I find this Extremely funny

Oh well...I mean do you realize how many people are blogging now adays...I mean I should really do something with something...but whatever...I'm out.

Now I can Post About Whatever...and NO this isn't a Chat Room

Anyway...so now I'm chillin here in study hall...and it is slightly strange because there is only one other girl and she is like in 6,7, or 8th grade...and then there is the one teacher that I can say his name...but never in the world will be able to read...and then two other guys...and that is about it...and I can almost promise you that they are going to be reading it...and that bothers me...a little bit...but if I'm careful...then they won't understand what I'm saying...so that is cool...but yeah...I found out that we [me and the boy who is visiting] made Kathy cry...oh that is to bad. I feel horrible...but she knew that he has a girlfriend...and what not...so oh well...it isn't my fault that she got attached when she shouldn't of...but whatever. Huh...how come I feel so bad about everything...but yet I really don't...I mean there isn't really anything else going on either...but yeah...I've got a whole junk load of Wonka Quotes...and I have to rewrite my Kennedy Theory...because it is really important to me...because you know...I dunno...I'm just really thinking about everything...the more I think about it...the more I understand that I've always been really interested in History...like in 10th grade we had to do a thing on the civil war or whatever...and I ended up doing the Lincoln Assassination! Crazy...I think so. But yeah...I think I'm out! peace and love...holliejo

WARNING

This is from Fight Club...I'm supposed to watch the movie:

Here it is:
If you are reading this then this warning is for you. Every word you read of this useless fine print is another second off your life. Don't you have other thing to do? Is your life so empty that you honestly can't think of a better way to spend these moments?
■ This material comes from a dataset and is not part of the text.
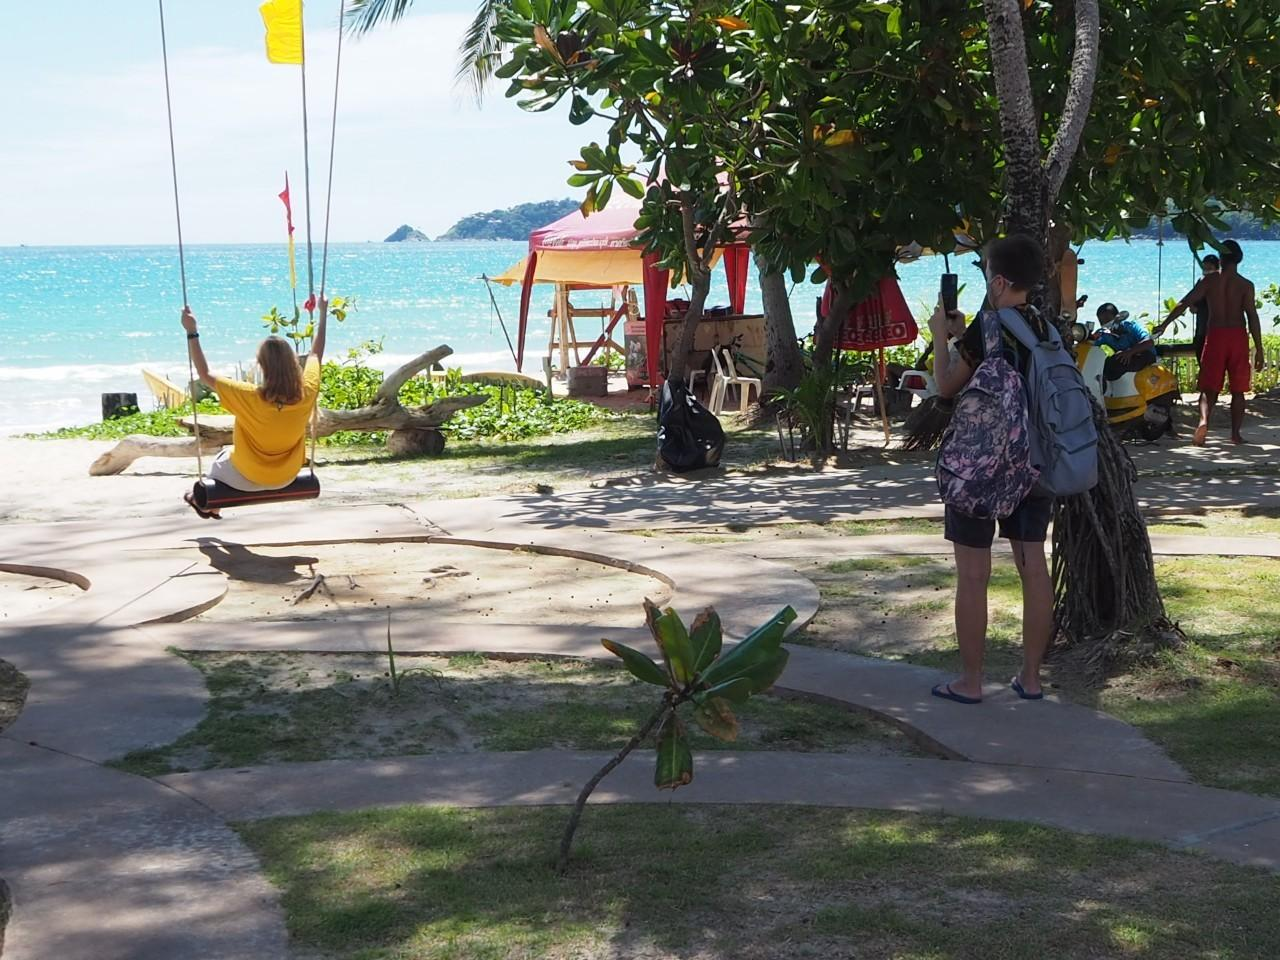 A tourist takes photos at Patong beach in Phuket, which has seen a gradual increase in tourists thanks to the Phuket sandbox programme.Dusida Worrachaddejchai

Or are you so impressed with authority that you give respect and credence to all who claim it? Do you read everything you're supposed to read? Do you think everything you're supposed to think? Buy what you're told you should want? Get out of your apartment. Meet a member of the opposite sex. Stop the excessive shopping and masturbation. Quit your job. Start a fight. Prove your alive. If you don't claim your humanity you will become a statistic. You have been warned.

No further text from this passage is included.